A Ghost Story: quanto tempo o tempo tem?
Por Marcelo RamosFonte: Ponto Crítico
A Ghost Story é um filme do diretor David Lowery, lançado em 2017, e estrelado por Rooney Mara e Casey Affleck. O filme com certeza passou despercebido pela grande maioria do público, mas recebeu diversas críticas positivos, além de levar diversos prêmios para casa. Apesar disso, não é um filme fácil. E apesar disso, é um dos melhores filmes que já vi.

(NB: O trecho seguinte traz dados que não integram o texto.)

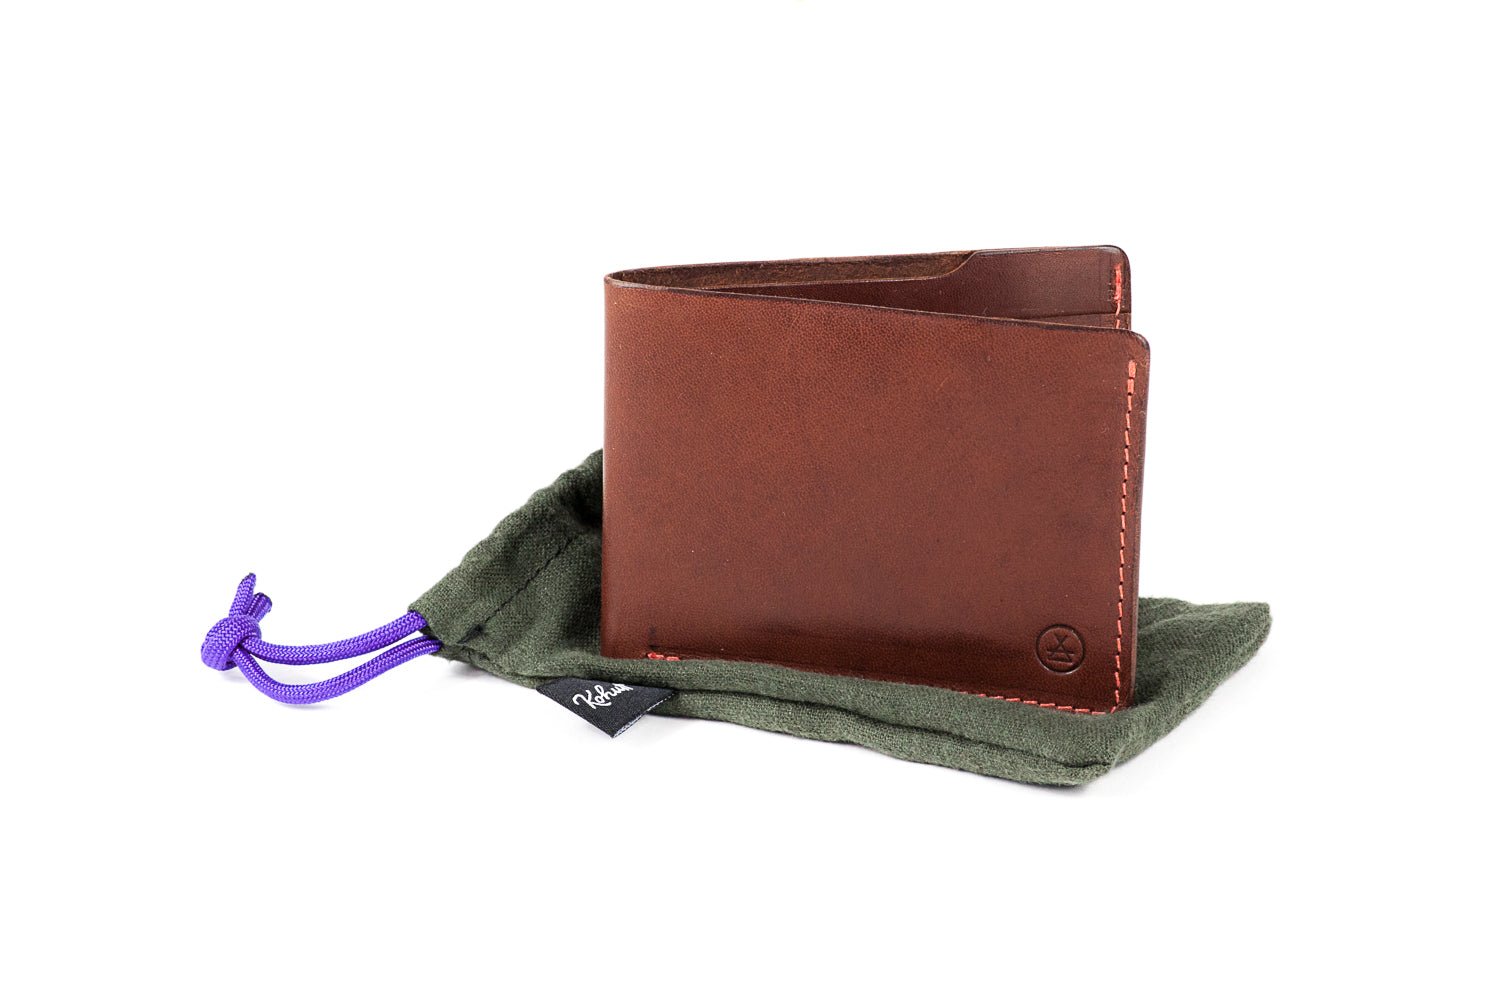 Pre-cut Kangaroo leather DIY horizontal bifold slim wallet - Kohutt™ - made in Tasmania

É difícil encontrar palavras que descrevam o que esse filme é, o que ele tenta passar. Não é um filme de terror, mas assusta mais que a maioria. Não é um ensaio sobre o luto, mas em certos momentos dá-se a entender isso. Tem elementos de drama, mas não é seu foco. Não consigo enquadrá-lo em uma categoria que satisfaça tudo aquilo que ele é, pois é um filme diferente de tudo que eu já vi.

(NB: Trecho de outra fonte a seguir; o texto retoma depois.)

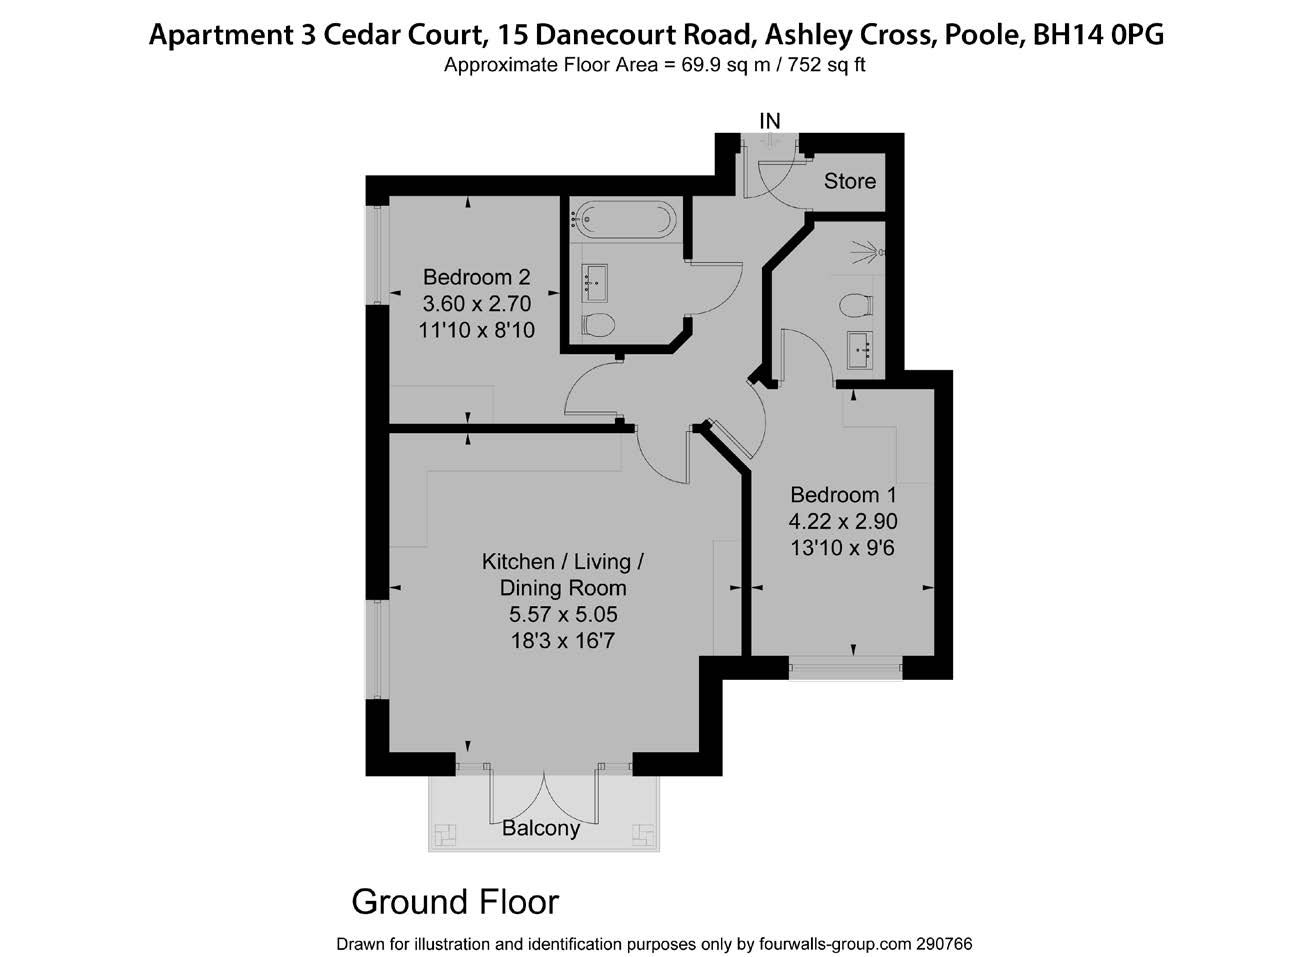 Apartment 3 Cedar Court floor plan

É um ensaio sobre o tempo. Sobre sua passagem, sobre o fim, o começo, o começo e o fim, e o fim, e o começo... É sobre a vida, e ciclos, e a passagem das eras, e o depois.

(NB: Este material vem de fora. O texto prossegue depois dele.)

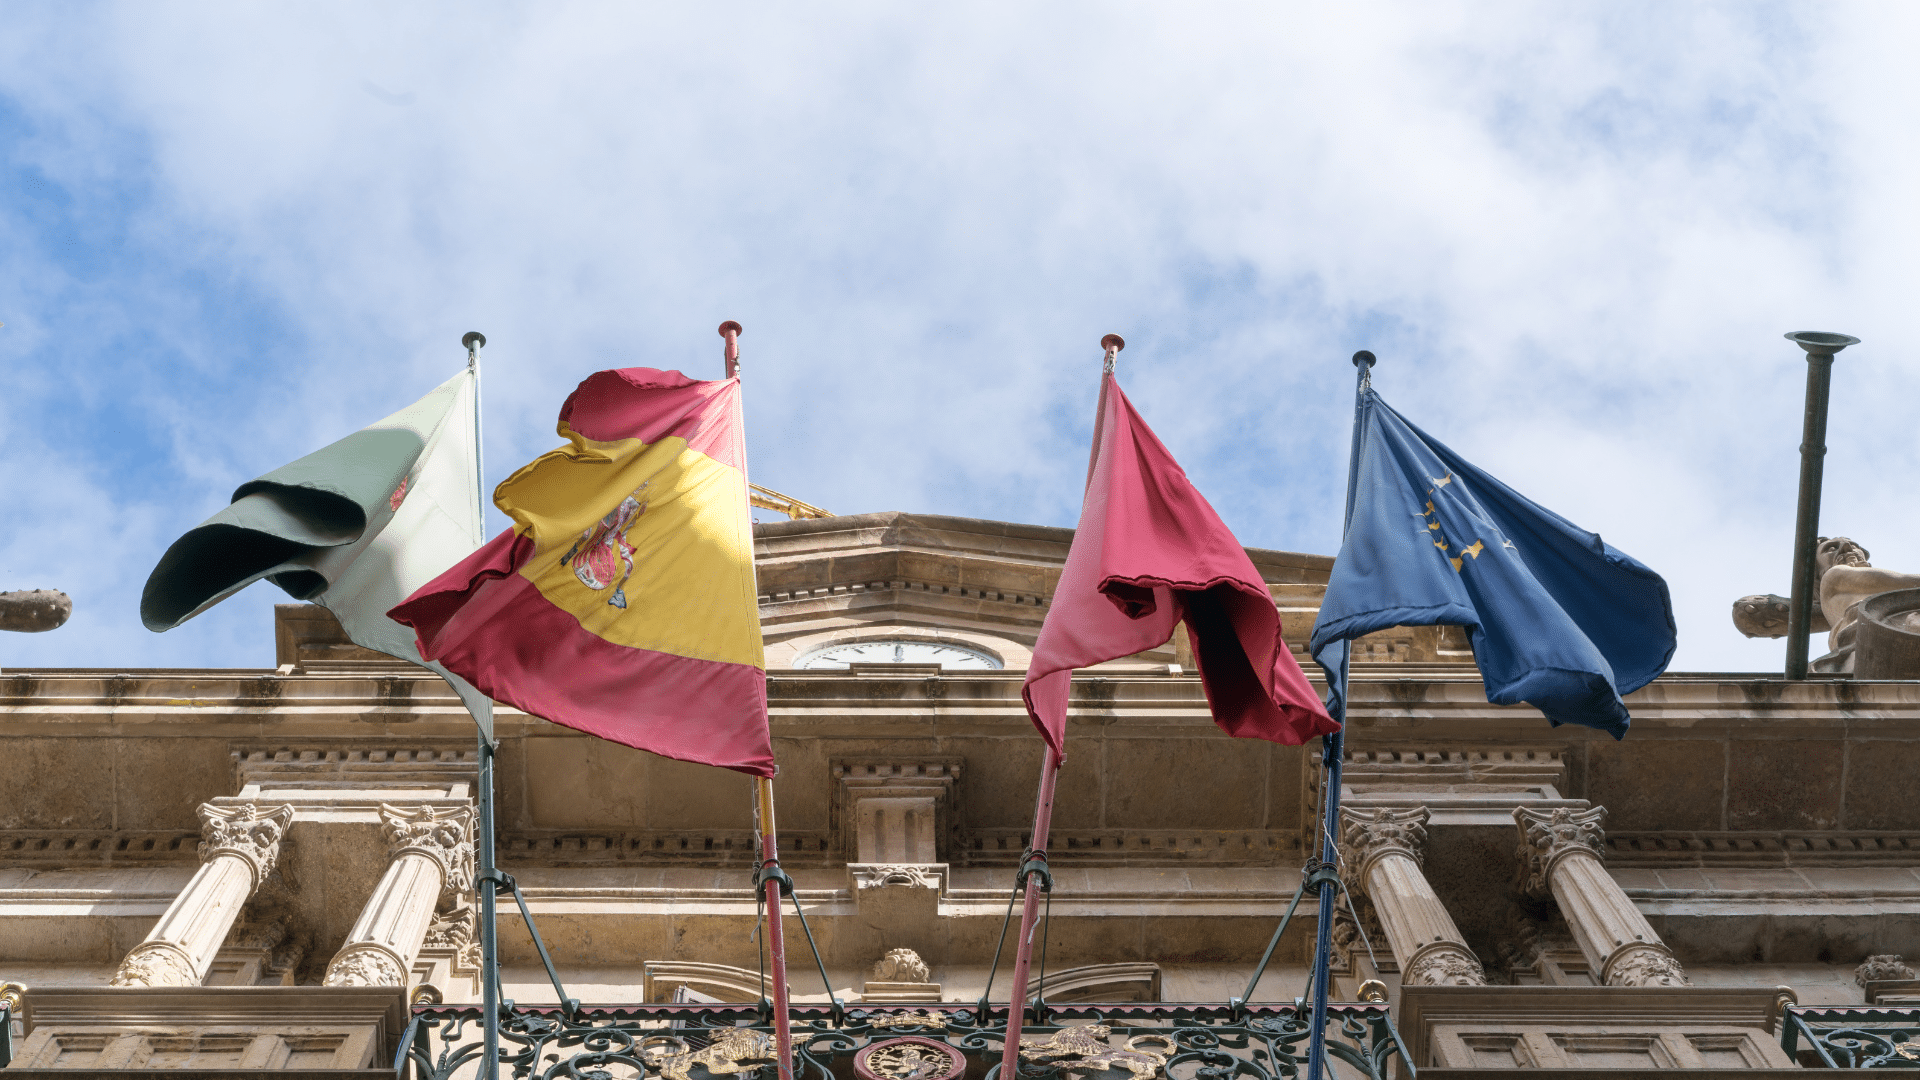 Les langues en Espagne : un enjeu devenu politique

O depois. Aquela bela palavra que nos salva do inevitável. Mas e depois? Quanto tempo dura a eternidade? No filme, acompanhamos a personagem vivida por Casey Affleck, que morreu em um acidente e se tornou um fantasma. Junto a ele, a personagem de Rooney Mara, sua esposa, protagonizam boa parte do filme, mas temos um terceiro protagonista: o tempo. O fantasma volta para casa, e acompanha sua esposa em um estágio de luto contido, sombrio, solitário, e vemos o tempo passar para ambos. E o tempo traz mudanças, traz um fim. Mas a eternidade não é algo finito, e C (o personagem de Affleck) precisa enfrentá-la.
O filme é marcado por planos e cortes longos, cenas em que parece que nada está acontecendo, em que não há diálogos expressivos, nem nada muito surpreendente. Por exemplo, a cena da torta, em que a personagem de Mara come após o enterro do marido e demora mais ou menos um cinco minutos. É apenas ela, comendo a torta, com o fantasma do marido observando. Mas é muito mais que isso. Tais planos nos mostram que o tempo está passando. E nesse tempo, os personagens estão sofrendo, sendo felizes, superando perdas e mudando. No exemplo anterior, vemos que a personagem está mal pela perda, de uma forma tão grande que não se importa mais com si mesma, com sua própria saúde.
Em uma das sequências mais geniais do filme, vemos a personagem de Rooney saindo de casa diversas vezes, sob a ótica de C, representando o passar dos dias. E com o passar dos dias, sua dor vai diminuindo e diminuindo, e tudo isso é passado sem palavra alguma. Aliás, o filme em si usa mais imagens e gestos para mostrar algo, que palavras. Exceto em um monólogo que acontece mais ou menos depois da metade do filme. O dono do monólogo é um personagem que nunca vimos, e que não vai mais aparecer. Usando conceitos filosóficos, ele nos conta sobre o universo, o tempo, a vida, a morte, ciclos, fé e humanidade. Mas longe de ser expositivo, o monólogo nos deixa com mais dúvidas, questões e um sentimento angustiante de finitude.
É um dos melhores filmes que eu vi na vida, e vou guardá-lo por anos e anos, não por seus quesitos técnicos, mas muito além: pelo que ele me fez sentir. Pelo que ele me fez ser.